### [YOUR OBJECTIVE]
Retype the material that follows exactly, limited to the lines from the one with "Переносной топливный бак" through the one with "Abstract E X", and keep out all pictures.

### [DATA PROVIDED]

▬▬▬

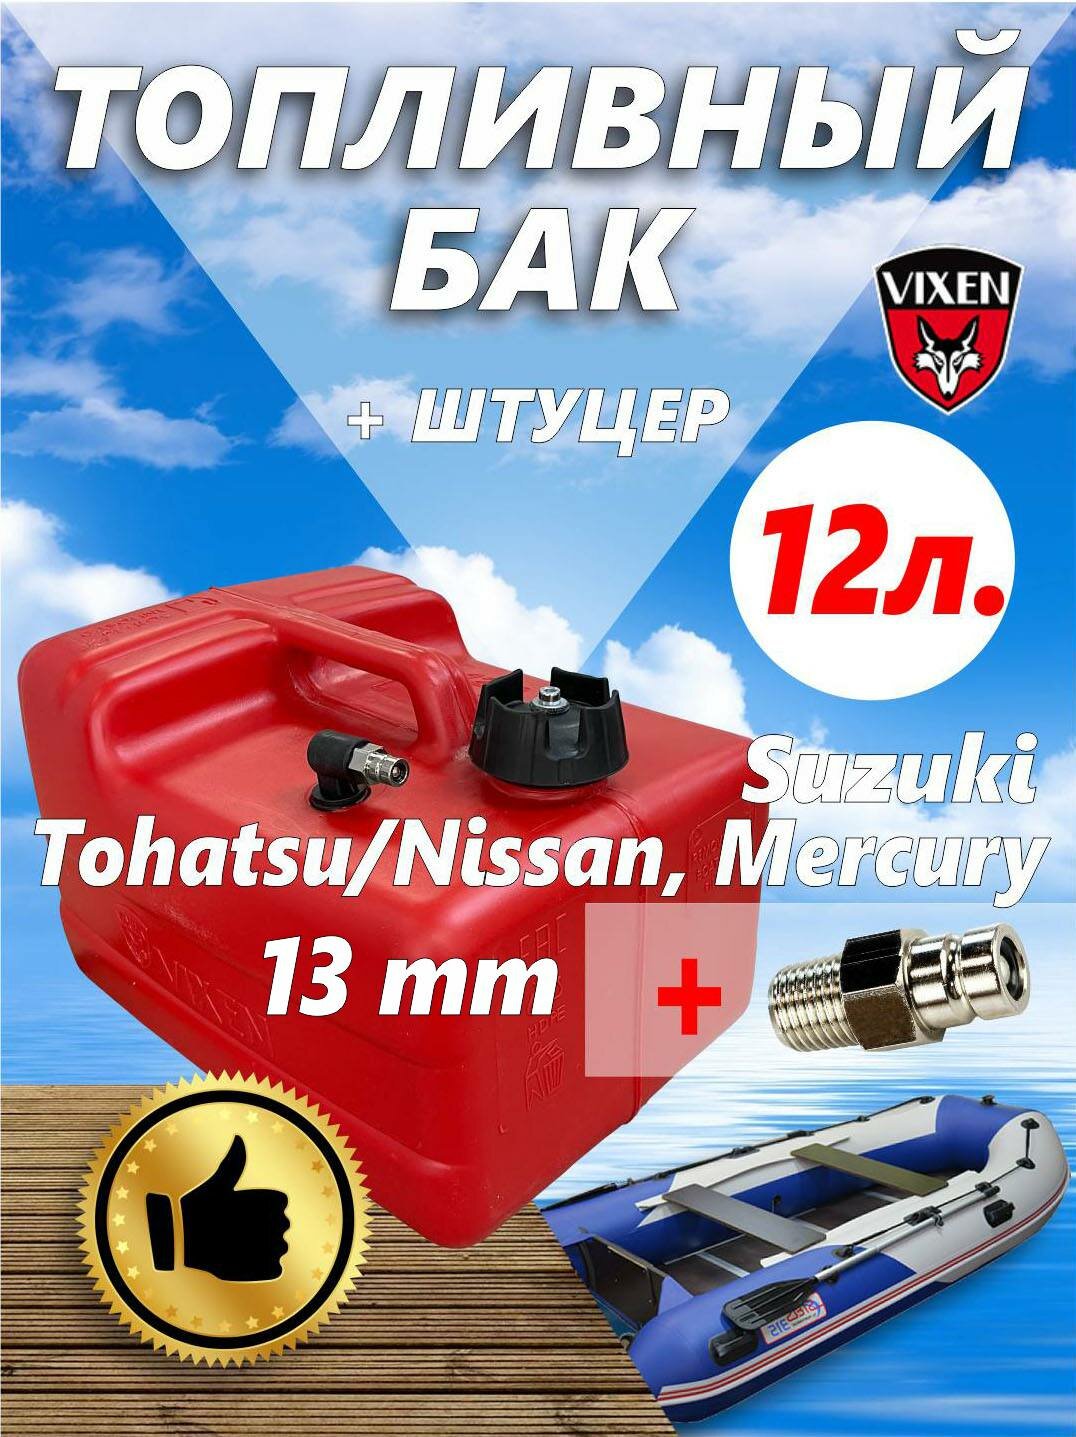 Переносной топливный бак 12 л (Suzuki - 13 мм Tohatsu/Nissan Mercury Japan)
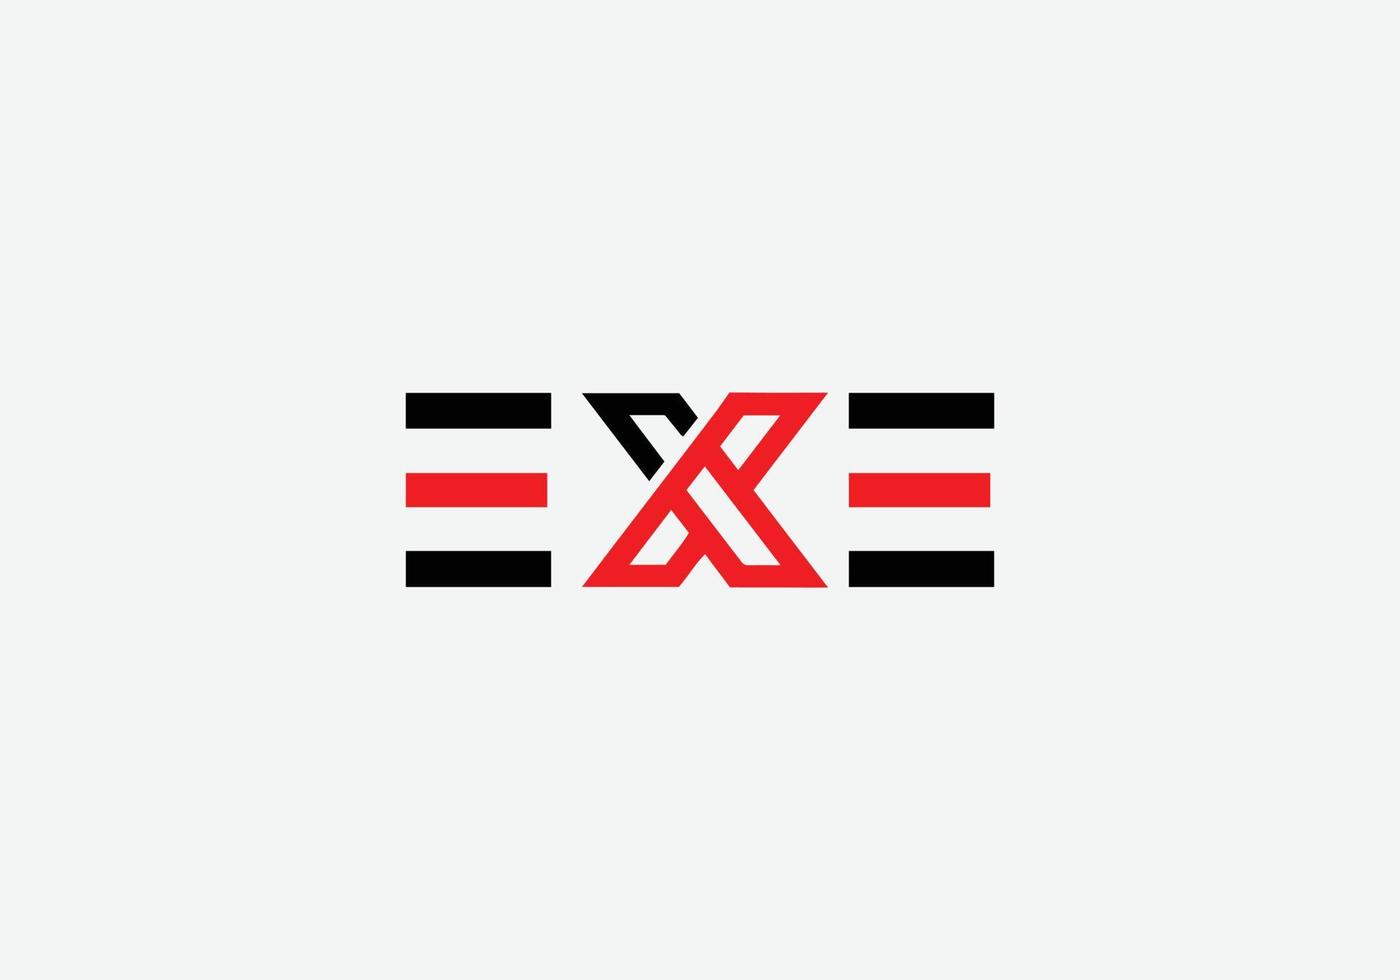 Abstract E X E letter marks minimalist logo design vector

▬▬▬

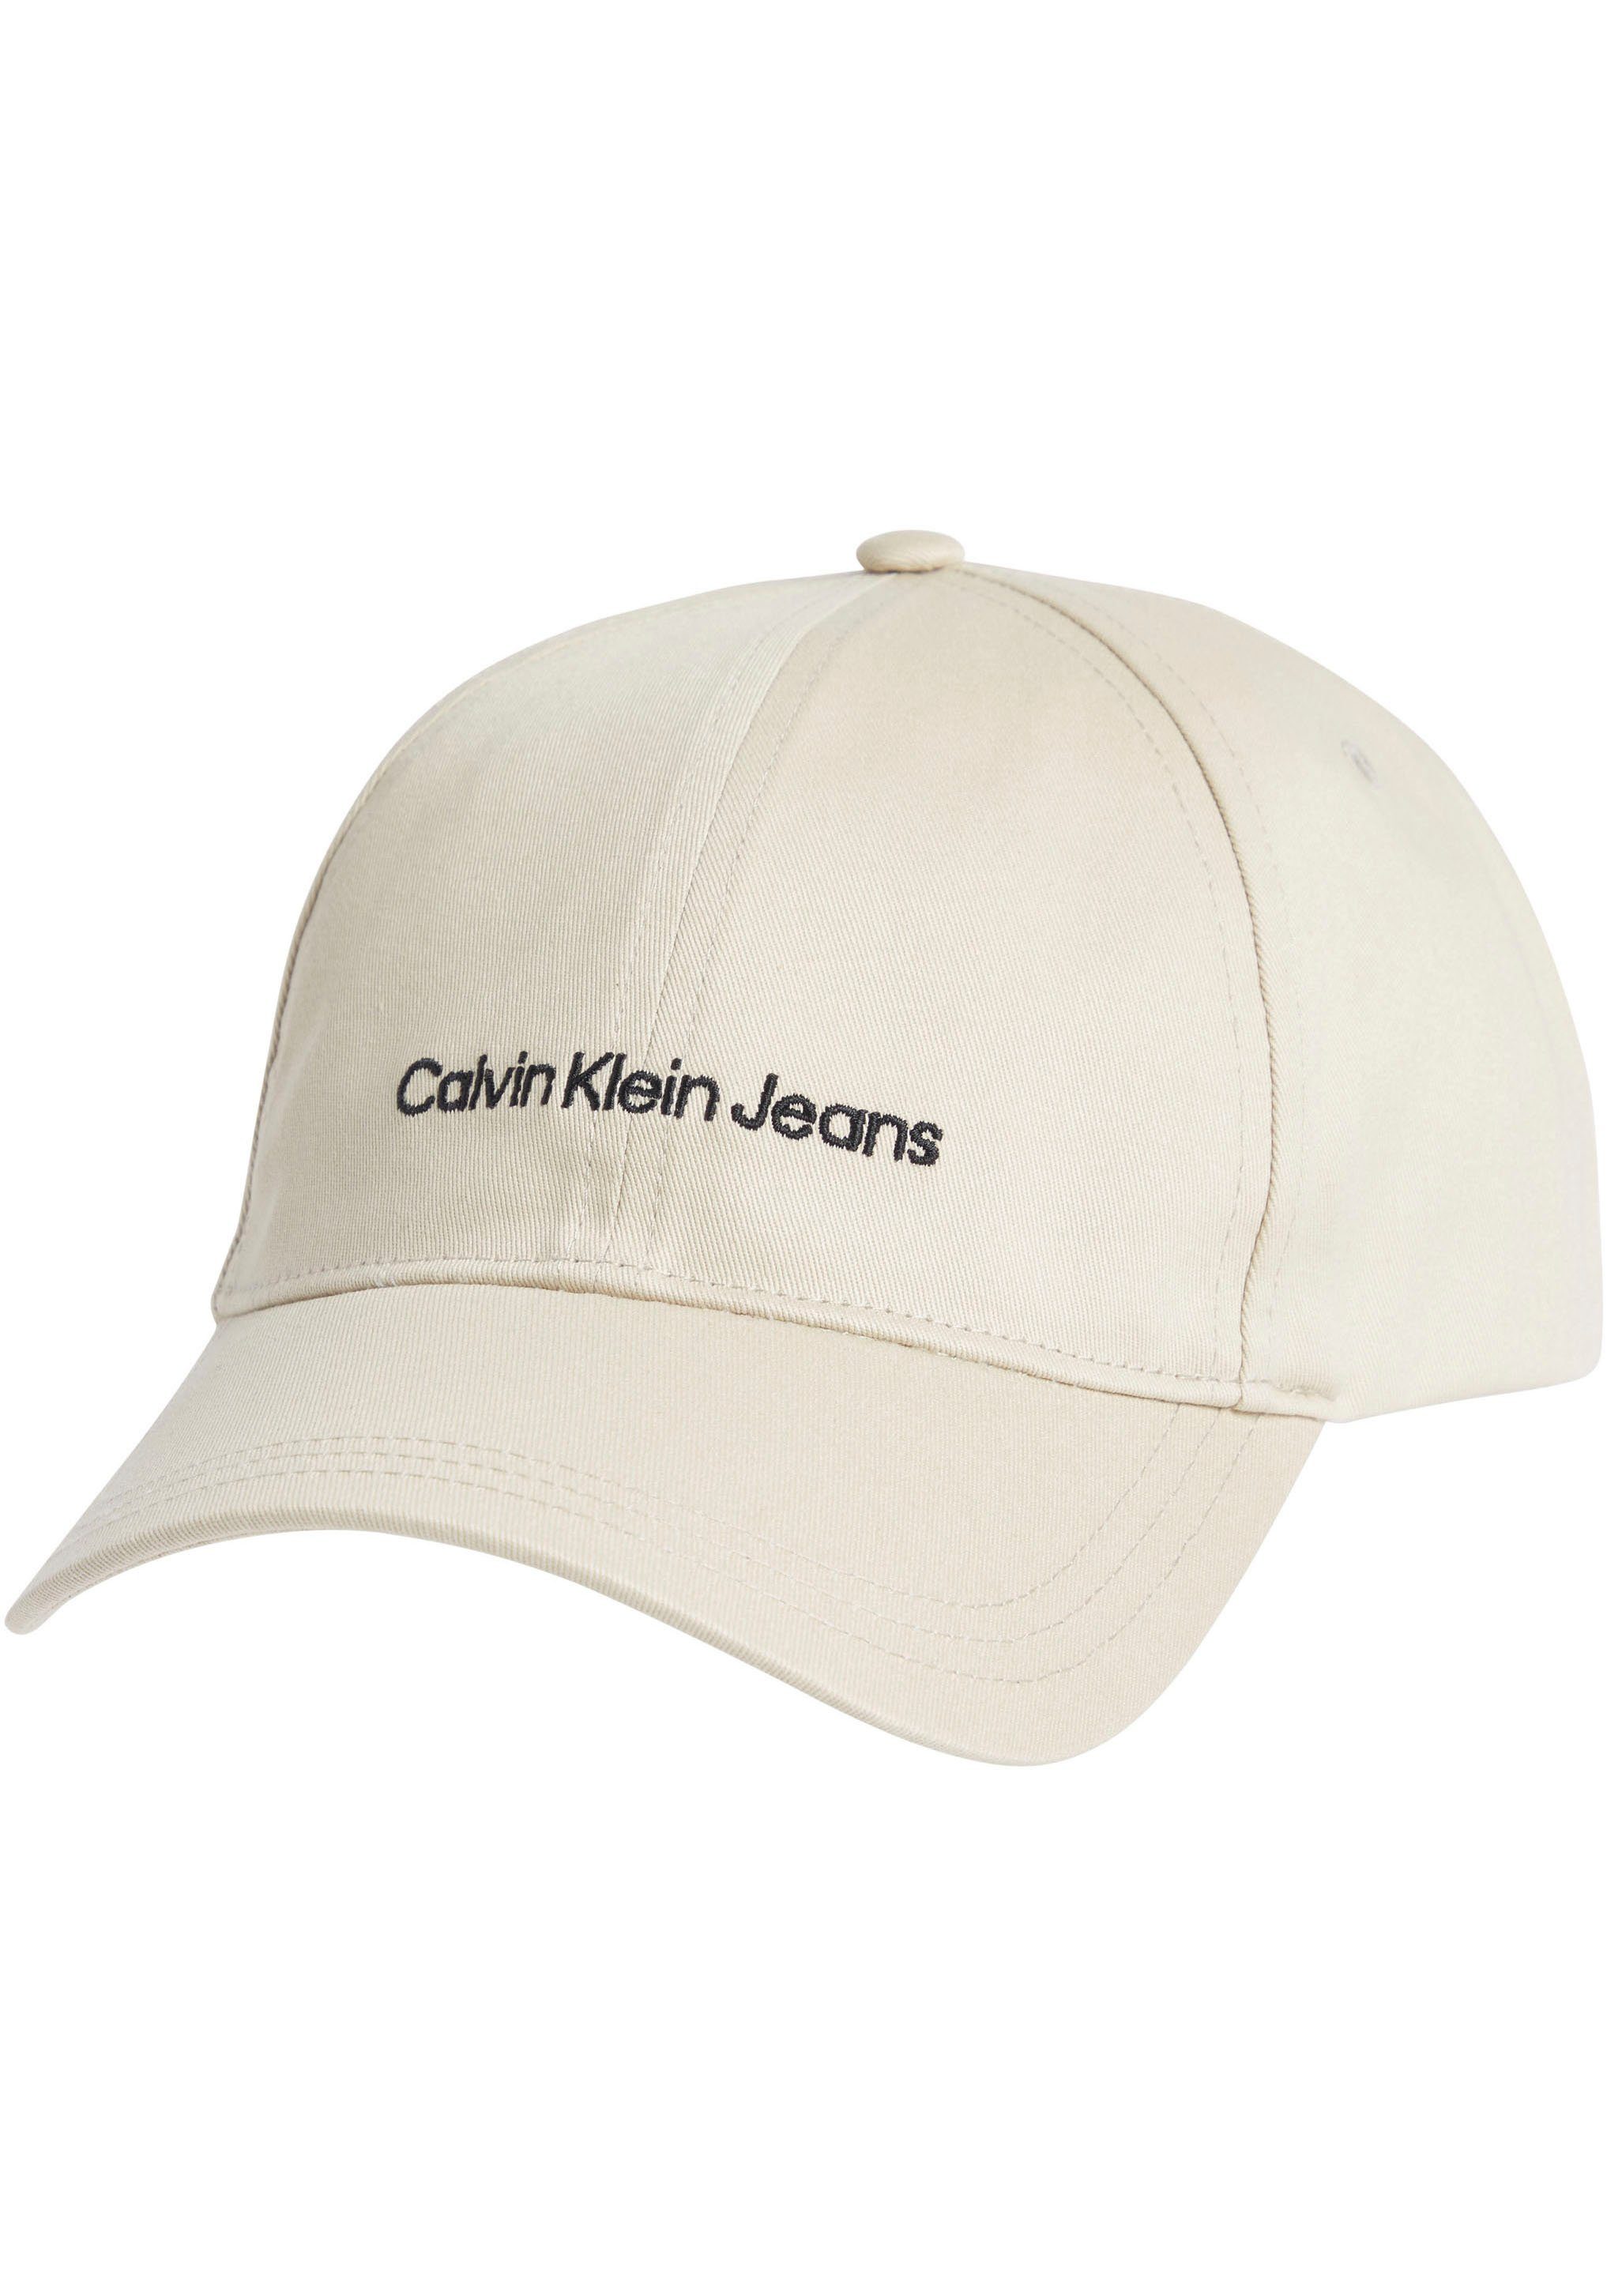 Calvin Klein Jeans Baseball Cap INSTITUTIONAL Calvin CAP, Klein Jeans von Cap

▬▬▬

### [EXERCISE SOLUTION]
 Переносной топливный бак 12 л (Suzuki - 13 мм Tohatsu/Nissan Mercury Japan)
 Abstract E X E letter marks minimalist logo design vector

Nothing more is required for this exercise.